Hong Kong and China stocks gained on Tuesday, after Chinese water bottler Nongfu Spring’s stellar trading debut offset a correction in technology stocks as well as a threat by US President Donald Trump to scale back economic ties between the United States and China.
In Hong Kong, the Hang Seng Index edged up 0.1 per cent to 24,624.34, while the CSI300 index, which tracks the performance of the top 300 stocks on the Shanghai and Shenzhen exchanges, gained 0.5 per cent to 4,694.39. On the mainland, the Shanghai Composite Index gained 0.7 per cent to 3,316.42 at the close.
Shares of Nongfu Spring, the hottest IPO in Hong Kong’s financial history, soared by as much as 85 per cent to HK$39.85 from their initial public offering (IPO) price of HK$21.50 on Tuesday morning. The company’s retail shares were overbought by a record 1,147 times, and locked up HK$677 billion (US$87 billion) in capital. The stock ended the day 54 per cent higher, at HK$33.10.
“Nongfu Spring’s IPO helped [market sentiment] a bit, allowing some of the liquidity that had been stored away to flow back into the markets,” said Stanley Chan, director of research at Emperor Securities. “But the overall sentiment around technology stocks still remains weak.”
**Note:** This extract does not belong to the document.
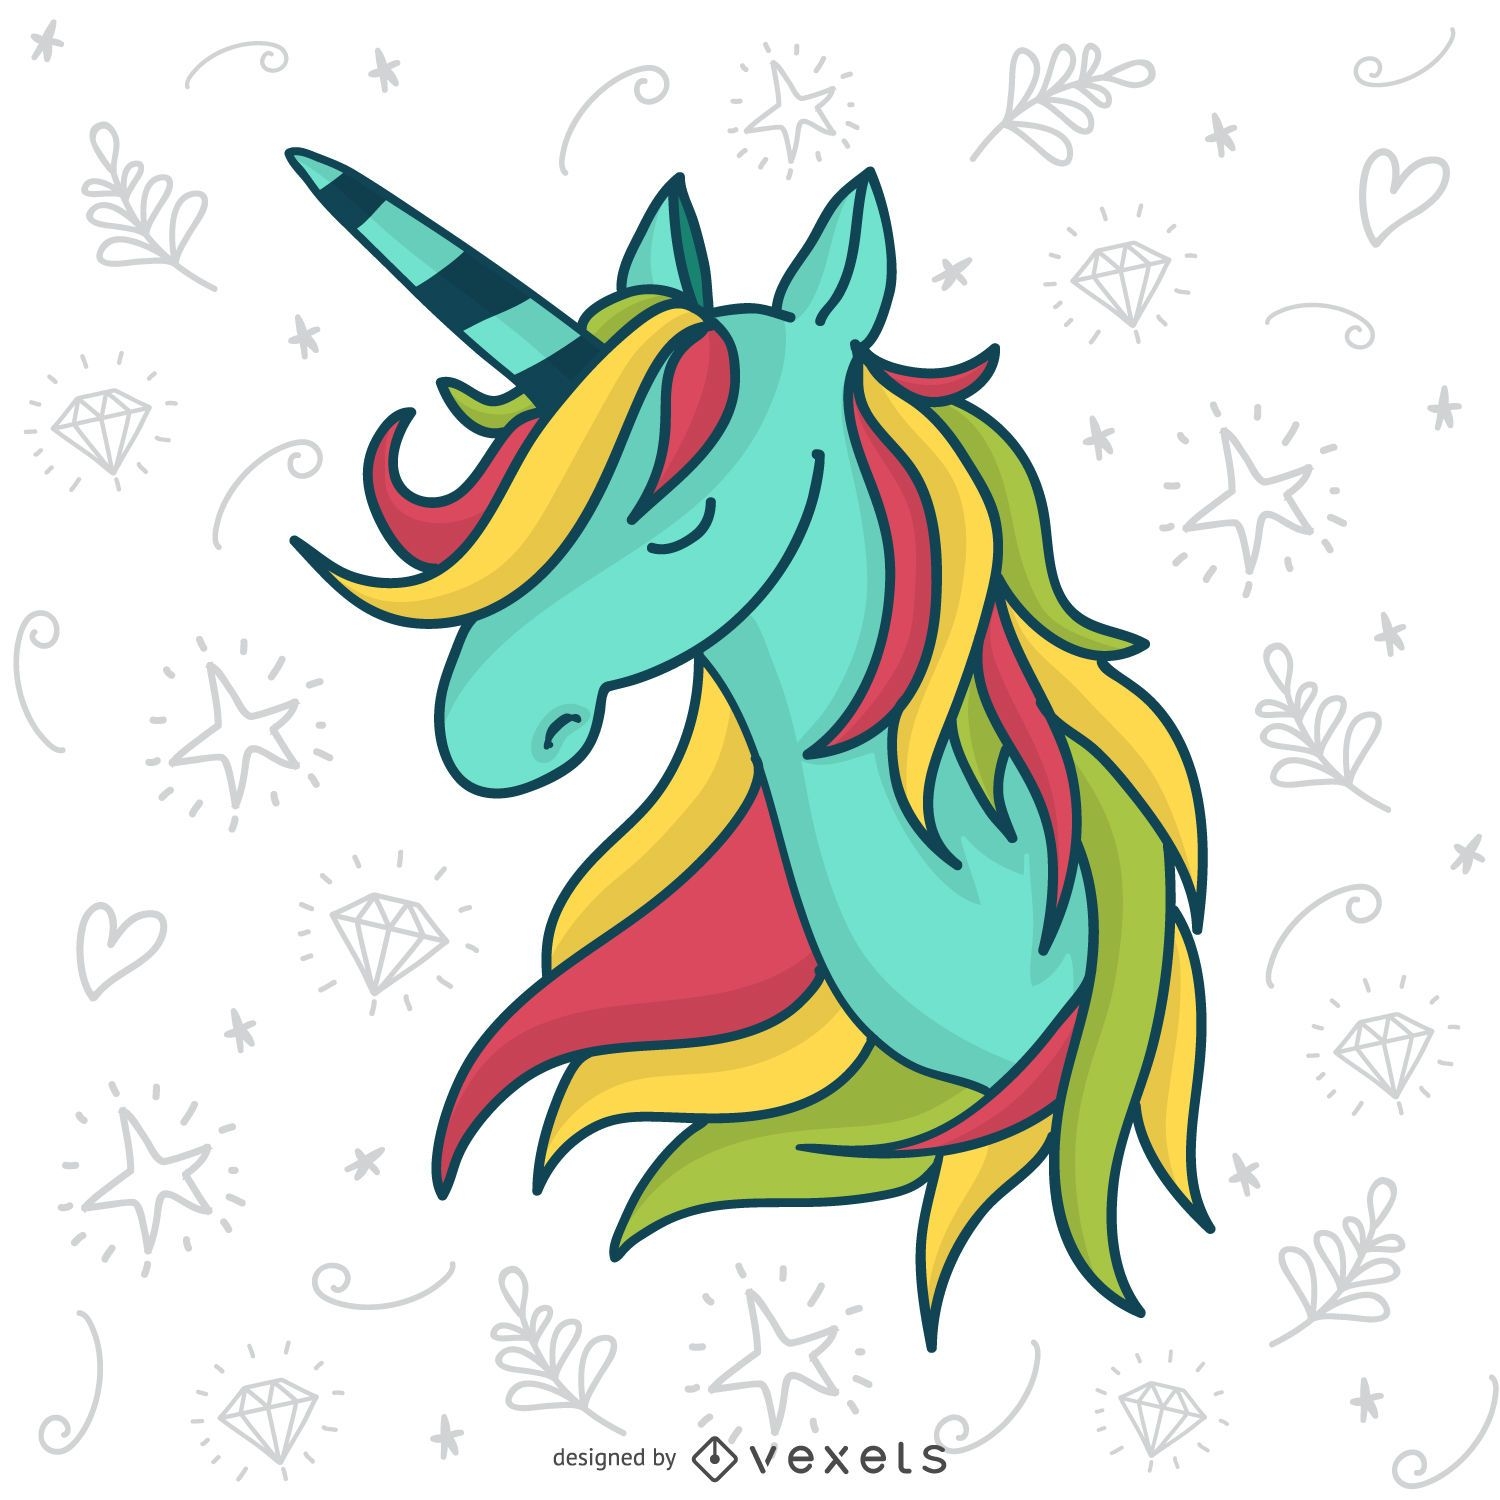 Dibujado a mano ilustración de unicornio

The two-month-old Hang Seng Tech Index of the top 30 technology stocks fell 1.6 per cent on Tuesday. It had risen by as much as 1.2 per cent in early trading after three consecutive days of declines.
Chinese software firm Kingsoft dropped 5.6 per cent, while smartphone maker Xiaomi fell 7.2 per cent.
Benchmark heavyweight Tencent Holdings slipped as well, declining by 0.5 per cent. Chinese semiconductor maker SMIC, which plunged 23 per cent on Monday on fears it might be blacklisted by the Trump administration, however, rebounded 3.1 per cent to HK$18.80 on Tuesday. Chinese e-commerce giant Alibaba Group Holding, which owns the South China Morning Post, also rose, gaining 1.5 per cent.
“Investors are still worried about whether technology stocks are facing a correction,” Chan said. “There will be some short-term rebounds in technology stocks, but some investors will take profits. The market has lost some of the previous momentum that took technology stocks to new highs.”
Meanwhile, Trump repeated on Monday a threat by his administration to decouple the US and Chinese economies, two of the world’s largest, and raised the possibility of halting business with Beijing altogether.
“With the US presidential elections nearing, there is a lot of uncertainty over Trump’s next move. Such as, whether he will continue to pose restrictions on more Chinese technology companies [or not],” said Emperor Securities’ Chan. “This has put a lot of pressure on Chinese semiconductor and e-commerce firms recently.”
Some of the money flowing out of technology stocks had found its way back into traditional financial shares, such as those of mainland Chinese banks, he added. Bank of China rose 3.6 per cent, while China Construction Bank gained 3.1 per cent. China Life Insurance rose by 2.6 per cent.
The Industrial and Commercial Bank of China led the gains, rising 4.7 per cent on Tuesday. The Bank of Hangzhou, meanwhile, led the gains on the CSI300 index, with a 7.8 per cent rise.
Two stocks that were traded for the first time on Tuesday soared on their debuts on the Shanghai exchange. Fujian Foxit Software Development, which provides electronic document software products, rose 29.7 per cent to 309.27 yuan from its listing price of 238.53 yuan. Textile product manufacturer ZhongWang Fabric gained 44 per cent from its IPO price of 25.75 yuan.